● Work instruction:
An exact restatement of all the data is required, with the pictures left out.

● Provided data:
========================================================================

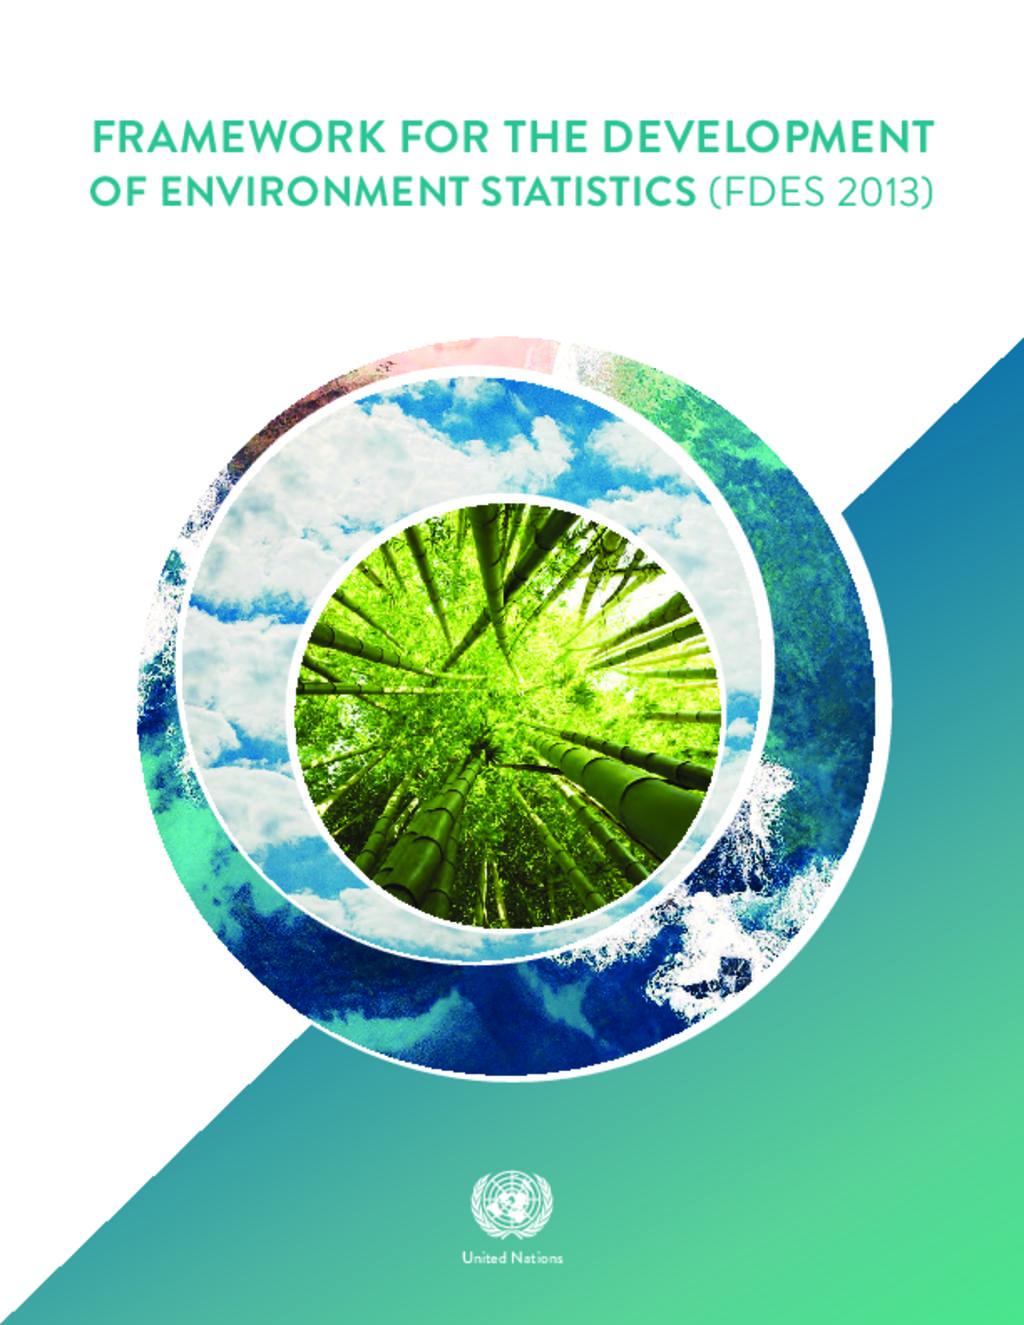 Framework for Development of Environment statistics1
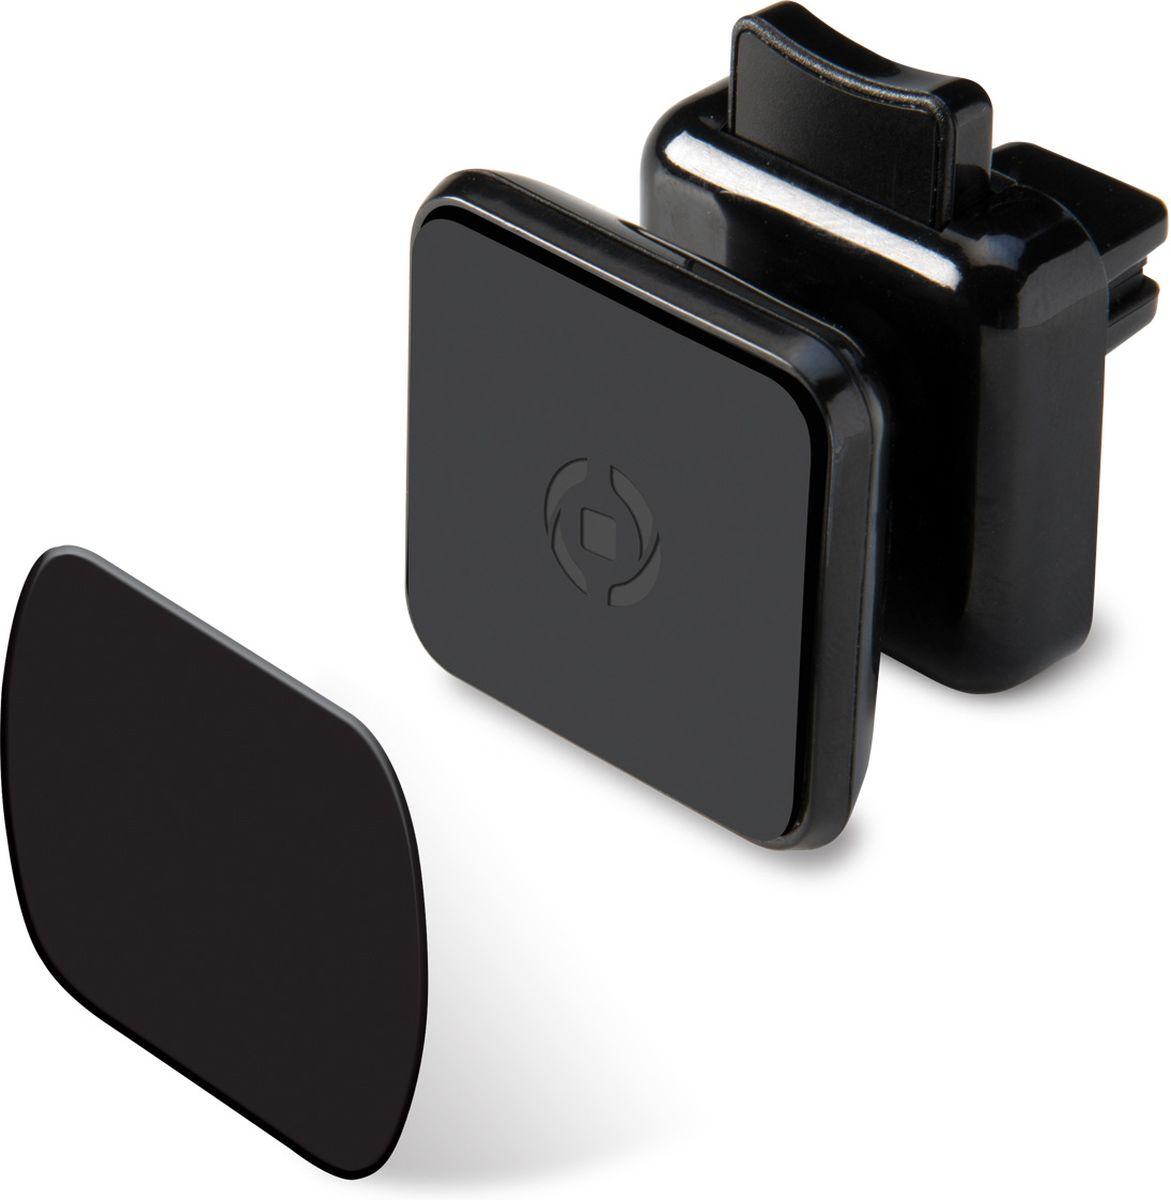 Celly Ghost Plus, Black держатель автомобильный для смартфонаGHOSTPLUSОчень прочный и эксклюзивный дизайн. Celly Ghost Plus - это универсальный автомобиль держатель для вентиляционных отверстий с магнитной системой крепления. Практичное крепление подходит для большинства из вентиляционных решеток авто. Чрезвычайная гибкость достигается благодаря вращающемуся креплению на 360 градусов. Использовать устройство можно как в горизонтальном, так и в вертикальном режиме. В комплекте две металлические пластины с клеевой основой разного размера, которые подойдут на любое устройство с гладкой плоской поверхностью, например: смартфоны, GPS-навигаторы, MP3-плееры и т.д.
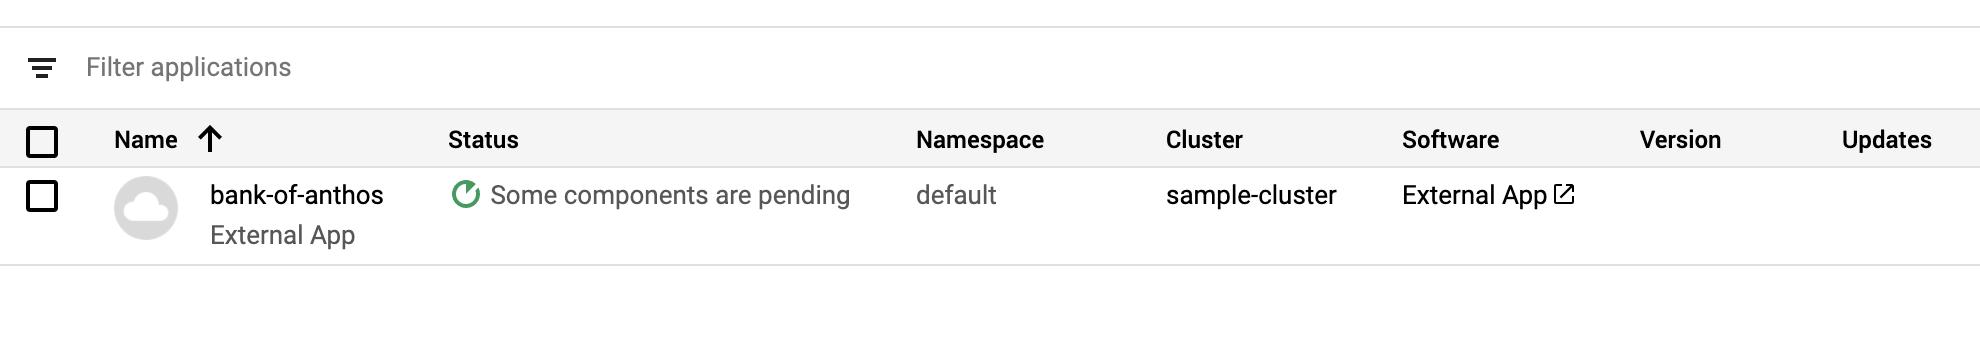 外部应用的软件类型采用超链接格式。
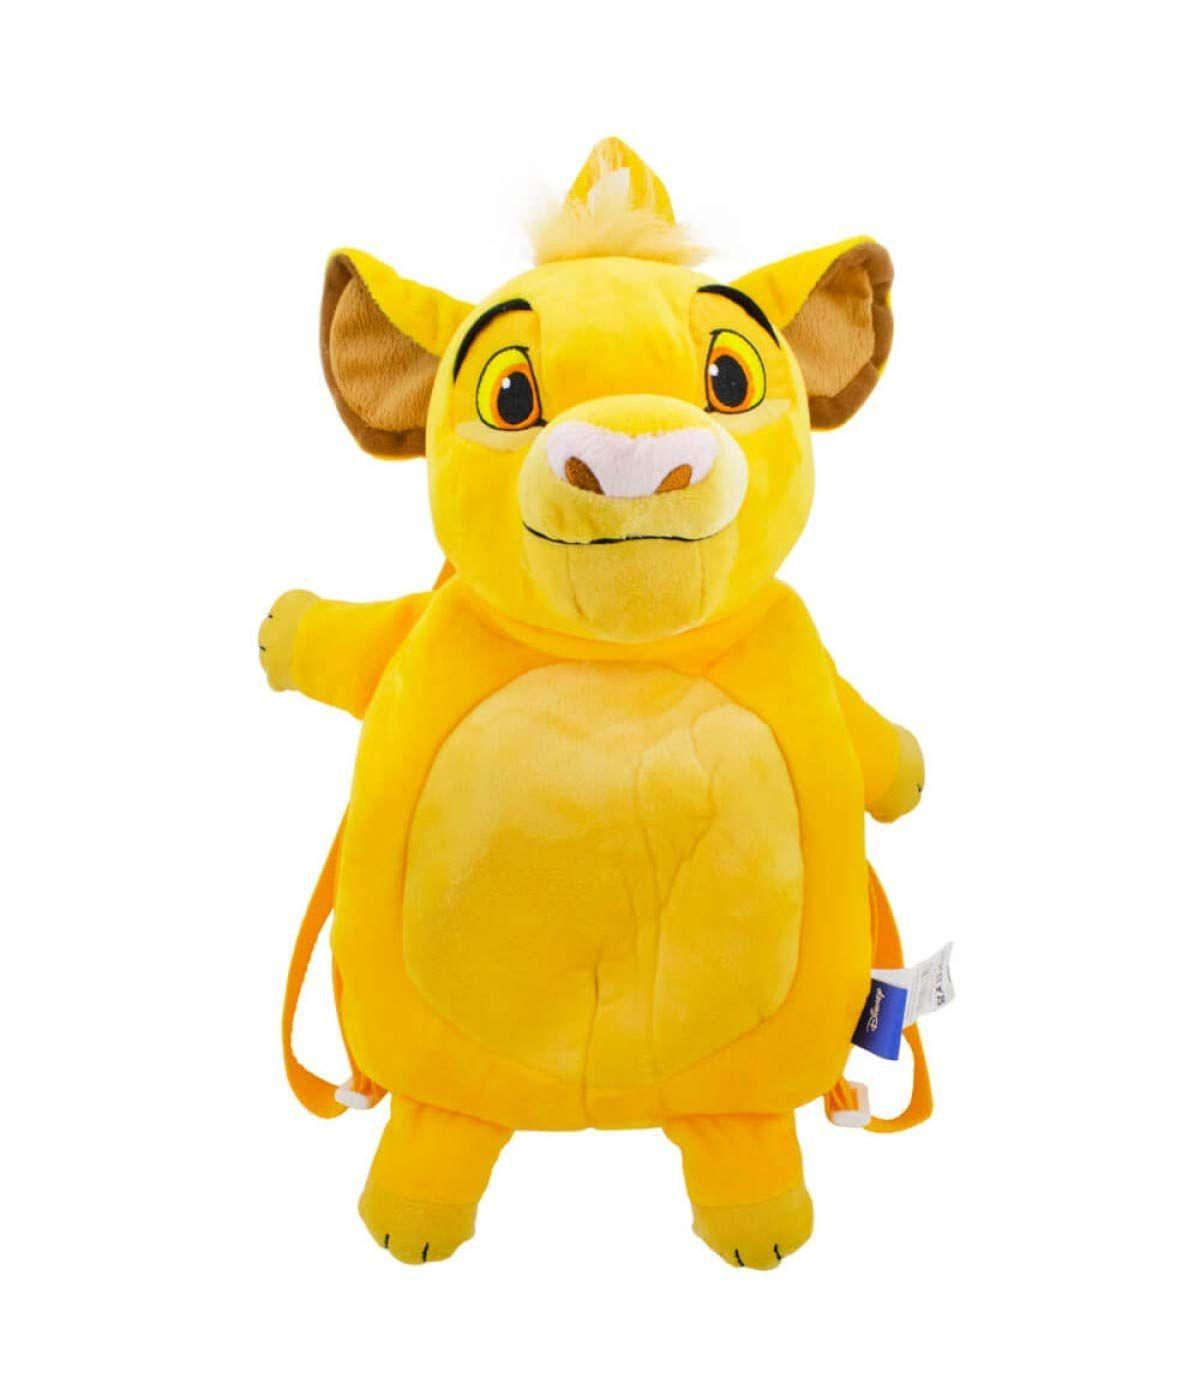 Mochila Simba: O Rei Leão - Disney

========================================================================

● Exercise answer:
 Framework for Development of Environment statistics1
 Celly Ghost Plus, Black держатель автомобильный для смартфонаGHOSTPLUSОчень прочный и эксклюзивный дизайн. Celly Ghost Plus - это универсальный автомобиль держатель для вентиляционных отверстий с магнитной системой крепления. Практичное крепление подходит для большинства из вентиляционных решеток авто. Чрезвычайная гибкость достигается благодаря вращающемуся креплению на 360 градусов. Использовать устройство можно как в горизонтальном, так и в вертикальном режиме. В комплекте две металлические пластины с клеевой основой разного размера, которые подойдут на любое устройство с гладкой плоской поверхностью, например: смартфоны, GPS-навигаторы, MP3-плееры и т.д.
 外部应用的软件类型采用超链接格式。
 Mochila Simba: O Rei Leão - Disney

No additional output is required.